Subject: Strange behavior under 1.3 with esp driver?
To: None <port-sparc@NetBSD.ORG>
From: Brian Buhrow <buhrow@cats.ucsc.edu>
List: port-sparc
Date: 02/27/1998 10:56:28
	Hello.  I'm running a news server on a Sparc 5 under NetBSD/sparc 1.3.
This machine has 3 scsi busses, 1 internal and 2 external esp100A sbus
cards.
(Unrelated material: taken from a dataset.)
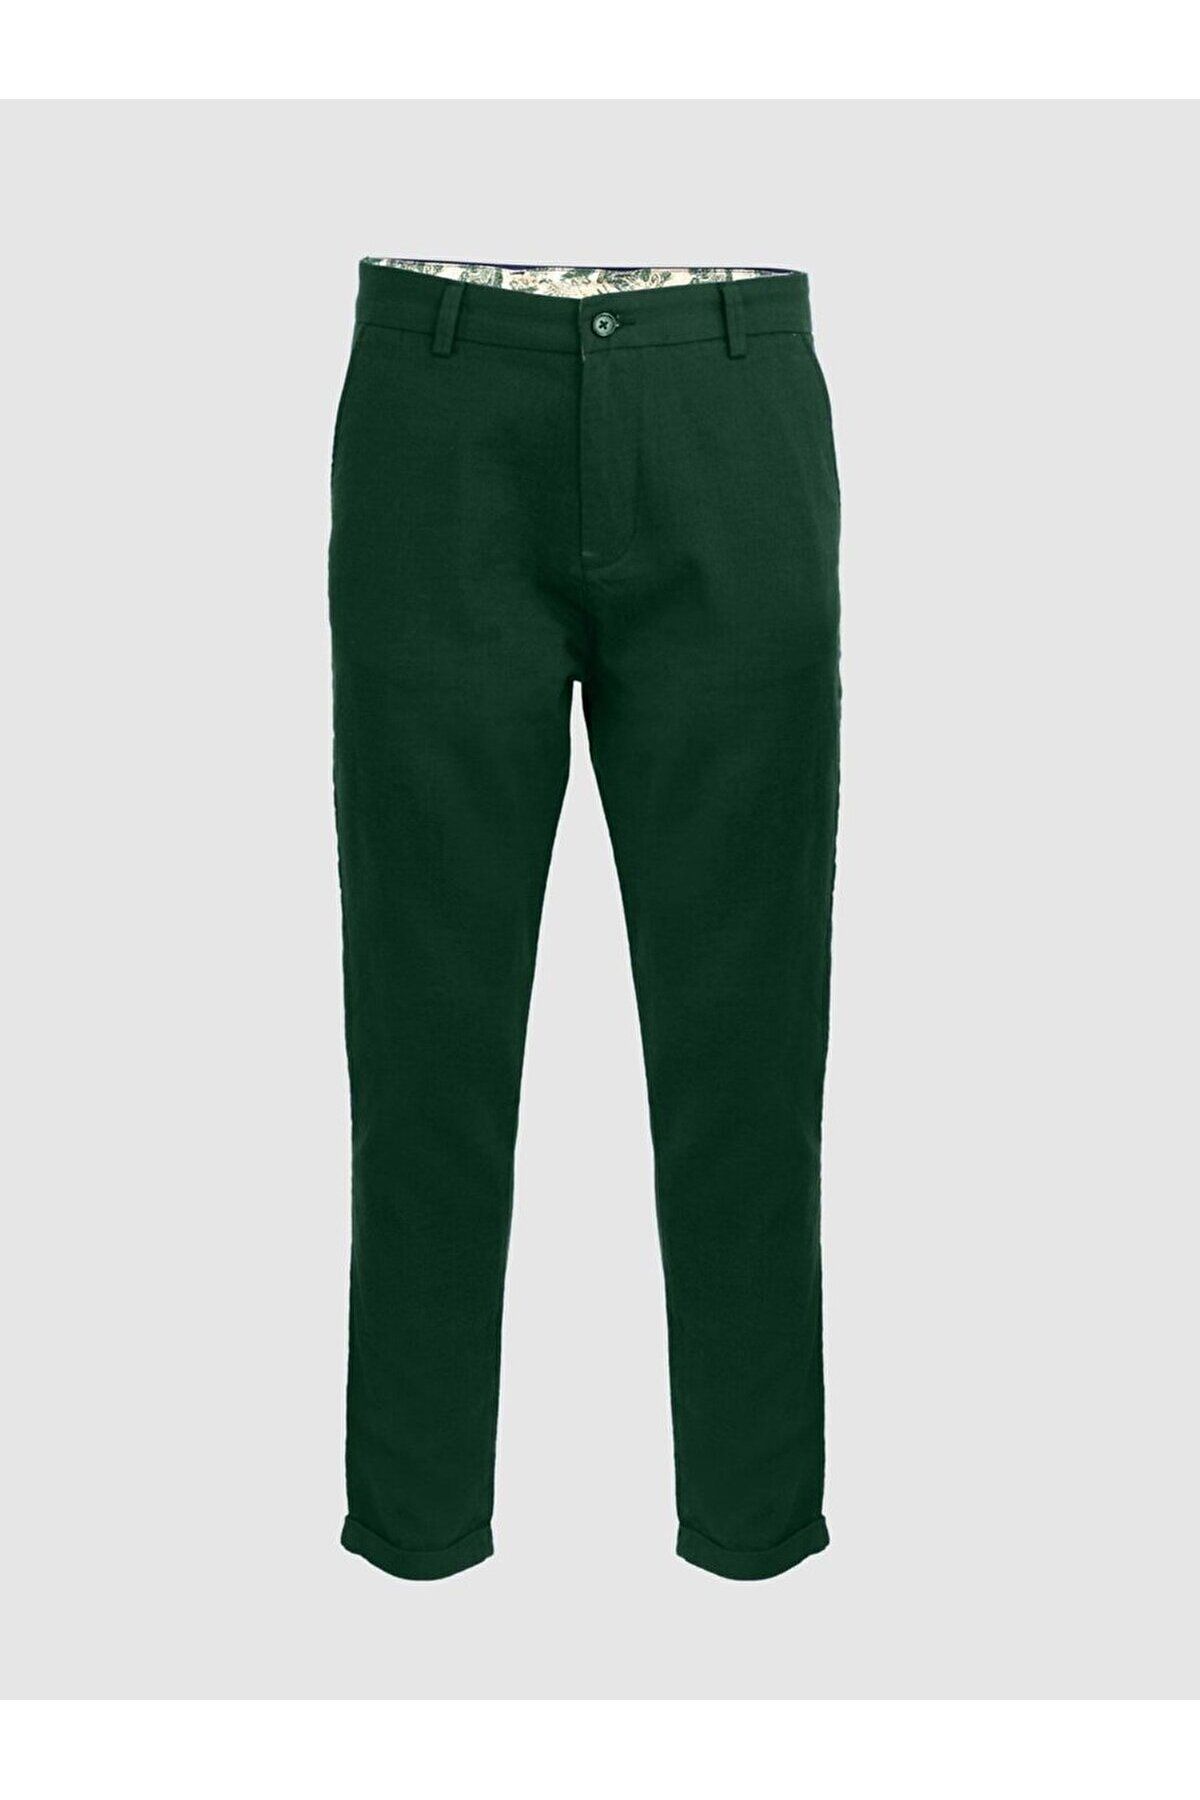 Ltb Keten Görünümlü Cepli Yeşil Pantolon
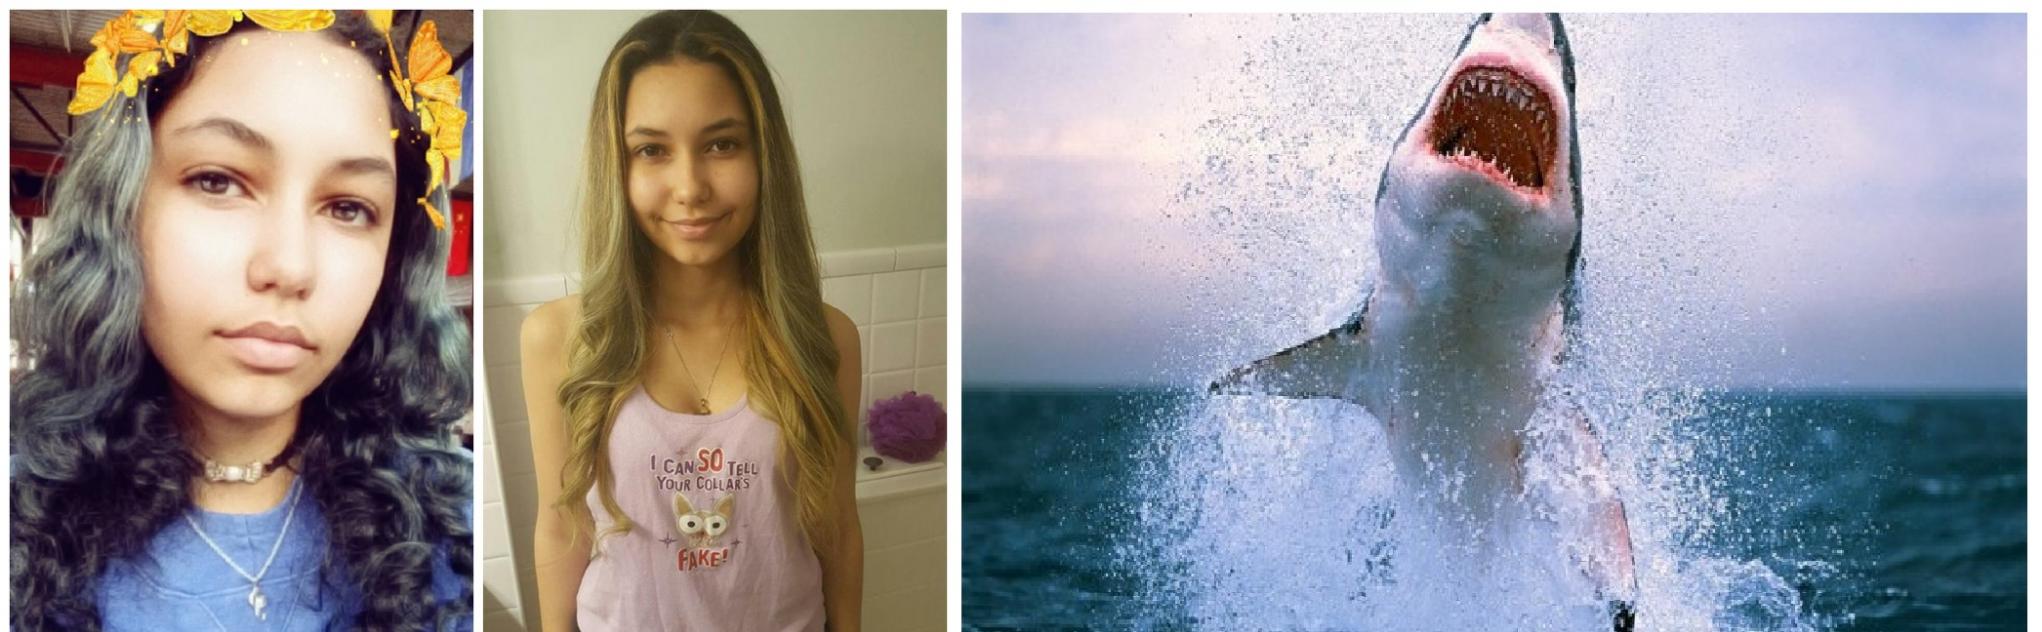 美国19岁少女Paige Winter遭鲨鱼袭击截肢保命 故事搬上国家地理频道

The root is on the internal scsi chain, i.e. the one on the
motherboard, the overview is on one of the esp100A chips, esp1, and the
news spool is on the other esp100A chip, esp2.
	The machine seems to run fine for about 10 days at which point the
esp2 card begins experiencing timeouts and strange read/write errors appear
on the disk.  Rebooting the machine solves the problem for another 10 days
or so.  (Sometimes it runs longer, but it never makes it to three weeks.)
	This last time, about three days after it was rebooted, vmstat -i
reported:
"event chain trashed: kvm_read"
or something like that.  This after it had printed the interrupt rates for
esp0, but before it had printed the interrupt rates for esp1 and esp2.
Rebooting the machine restored normal output.
	The scsi bus with the news spool on it, esp2, takes a lot of
interrupts.  During normal operation, the interrupts/sec seems to be
between 600 and 700.  This rate is more or less constant throughout the
day.
	Is there some bug where a certain number of disk transfers or
interrupts causes corruption somewhere, either in the driver's work area,
or the chip somewhere which manifests itself after a long period of heavy
use?  Sometimes the driver resets the bus and things continue, but only for
an hour or so before the machine panics tdue to some disk error, either a
read or write error.  A reboot always fixes the problem for another 10 days
or so.  We've tried changing esp cards with no luck.

Any thoughts and/or ideas would be greatly appreciated.
-thanks
-Brian